In the face of African-American voters’ overwhelming support for President Obama in the 2012 election, some right-wing pundits dismissed this as simply racial allegiance rather than an embrace of liberal positions. A recently released poll demonstrates, perhaps to their chagrin, that the Christian Right’s investment in Black antichoice leaders, such as Ryan Bomberger of the Radiance Foundation and Bishop Harry Jackson, was unsuccessful in moving the African-American community on reproductive justice. It seems that the Radiance Foundation’s provocative 2011 billboard campaign with statements like “the most dangerous place for an African-American is in the womb” fell short.
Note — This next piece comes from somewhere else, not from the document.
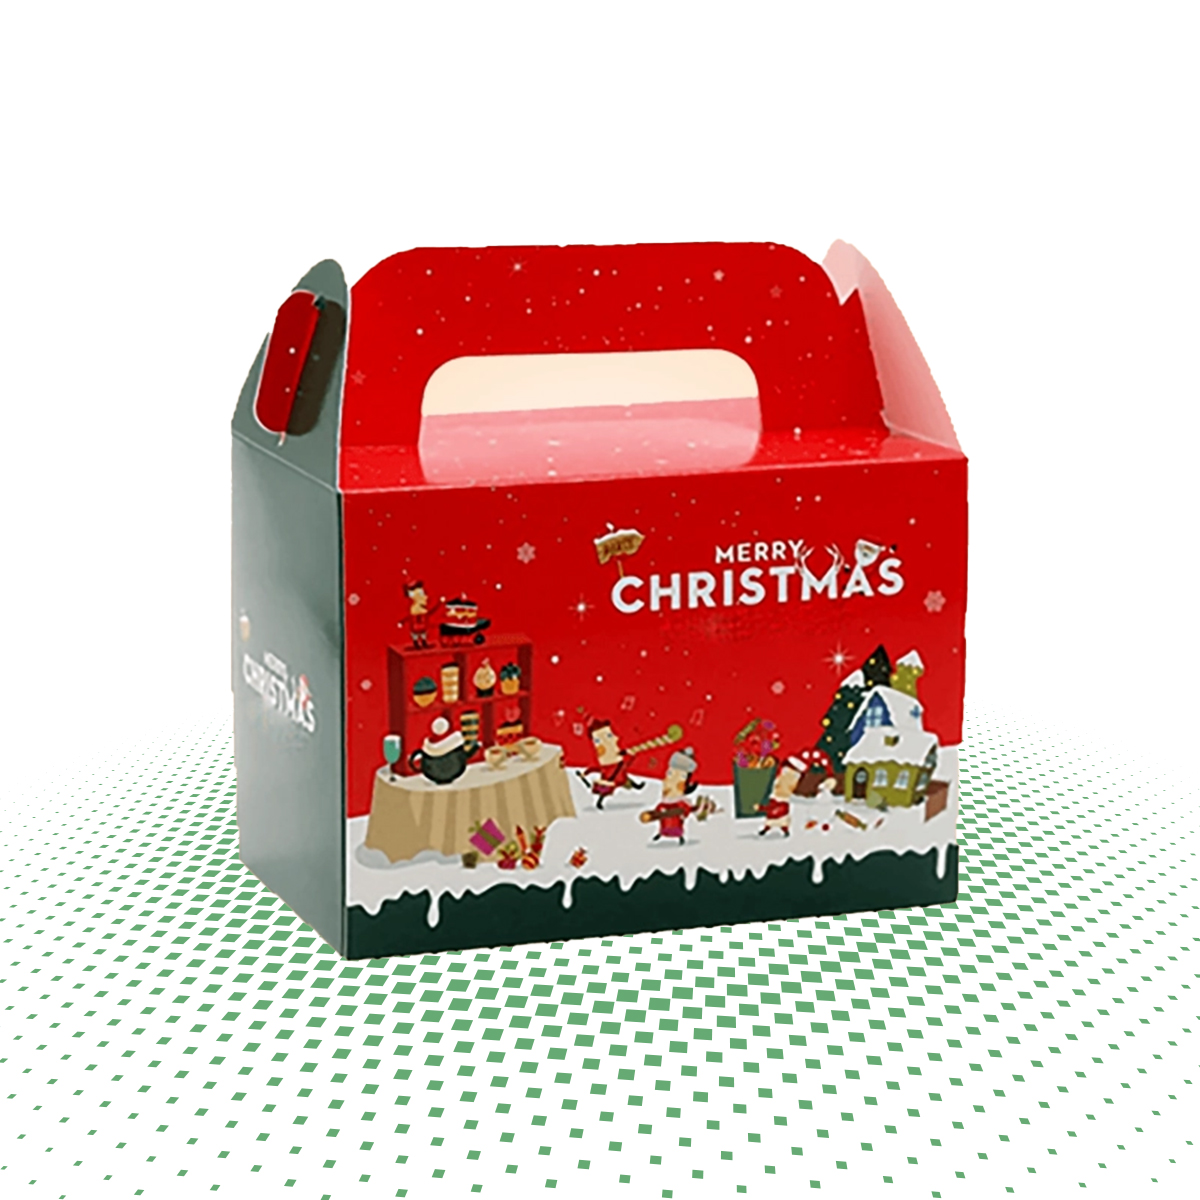 Christmas Favour Boxes - Texas - Arlington ID1517631

Conducted nearly two weeks after the 2012 election, the poll asked African-American adults for their views on hot button issues like sexual health education and abortion. The majority of participants—who represented different religious and political affiliations, and ranged in age, education, and income—mirrored the President’s positions on women’s rights, including support for abortion (79%) and contraceptive access (94%). When asked about teen sex education, the majority supported a comprehensive curriculum that includes “prevention of HIV-AIDS and STDs, sexual and domestic abuse, unintended pregnancy, abstinence, and healthy romantic relationships.” Reproductive justice activist Jasmine Burnett, whose innovative work helped bring the infamous billboards down, confirms: “The propaganda used by the right-wing to frame our community as being aligned with their political interest to end women’s access to reproductive health is wrong.”
These results are validating to the women of color leaders who developed the reproductive justice framework, which looks at a range of reproductive health and rights issues beyond abortion and at those communities most vulnerable to antichoice attacks. Veteran women’s health advocate, Eleanor Hinton Hoytt, President and CEO of the Black Women’s Health Imperative, told PRA: “This is the first time we have the evidence to definitively state: Black people support the full range of reproductive rights including abortion. The study also makes clear, regardless of class status, the majority of African-Americans believe that public funding should be available for abortion care.”
The right-wing has demonstrated a continued commitment to the assault on reproductive rights, with low-income individuals, who are disproportionately women or trans people of color, suffering the most. In addition to maintaining an antichoice Republican majority in the House of Representatives and continually passing the Hyde Amendment banning federal funding of abortion, the antichoice movement is experiencing sweeping success at the state level. In 2012 alone, according to NARAL Pro-Choice America, 42 anti-choice measures were brought to fruition, including bans on abortion care after 20 weeks, laws prohibiting abortion coverage in state health-insurance exchanges, and laws that prohibit state funds from going to Planned Parenthood or to any health center that provides abortion services, even if that money is earmarked for other service. The Right is also waging a relentless fight in the courts against the Affordable Care Act, arguing that the law violates the religious liberty of corporations by insisting that their insurance plans cover contraception (see PRA’s forthcoming report, Redefining Religious Liberty, on March 14th).
Hoytt believes the findings provide a new opening to build a broader coalition of reproductive justice support, recognizing that while Black communities might suffer the most from right-wing attacks, they do not share their ideology. “Now we are armed with the data to go with confidence to coalition meetings, allies, and constituents and invite them to join us on the campaign to repeal the Hyde amendment and support Black women and girls’ capacity to have the self determination to make decisions about their bodies especially their reproductive health.”
Jasmine shares Eleanor’s sentiments, saying of the study “this means our community is behind us, and supports our efforts to not only protect reproductive health services, but also stands in defense of our self-determination and dignity to make the best decisions for our lives and families.”